When the processor is executing an exception handler, holds the exception number of the exception being processed. Otherwise, the IPSR value is zero.

The processor writes to the IPSR on exception entry and exit. Software can use an MRS instruction, to read the IPSR, but the processor ignores writes to the IPSR by an MSR instruction. The IPSR Exception Number field is defined as follows:

• In Thread mode, the value is 0.
• In Handler mode, holds the exception number of the currently-executing exception.

3. Execution Program Status Register, EPSR

Holds Execution state bits.

T Bit

The M profile supports only the Thumb instruction set, and therefore the processor can execute instructions only if the T bit is set to 1. The T bit is set according to the LSB of the instruction address in the program counter. i.e.
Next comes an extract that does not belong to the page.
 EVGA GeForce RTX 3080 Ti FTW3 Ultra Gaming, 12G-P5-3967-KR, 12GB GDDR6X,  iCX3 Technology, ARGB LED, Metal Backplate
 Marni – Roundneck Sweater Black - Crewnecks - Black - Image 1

To stay in the Thumb instruction set, the LSB of PC Register should always be 1. This is automatically handled by the compiler which adds this 1 bit to the addresses.

Danger

If the T Bit was somehow changed to 0, the processor HardFaults, haulting execution.

ICI/IT Bits

The EPSR (Execution Program Status Register) in ARM Cortex-M cores contains critical execution state information. Two overlapping fields in EPSR — ICI and IT — play key roles in conditional execution and interrupt handling:

IT (If-Then) Bits

• Bits: IT (8 bits) spans EPSR bits [26:25] and [15:10].

• Purpose: Support Thumb-2 conditional execution using the IT instruction.

• Function: Define the condition and execution pattern for up to four instructions following the IT instruction, without requiring branches.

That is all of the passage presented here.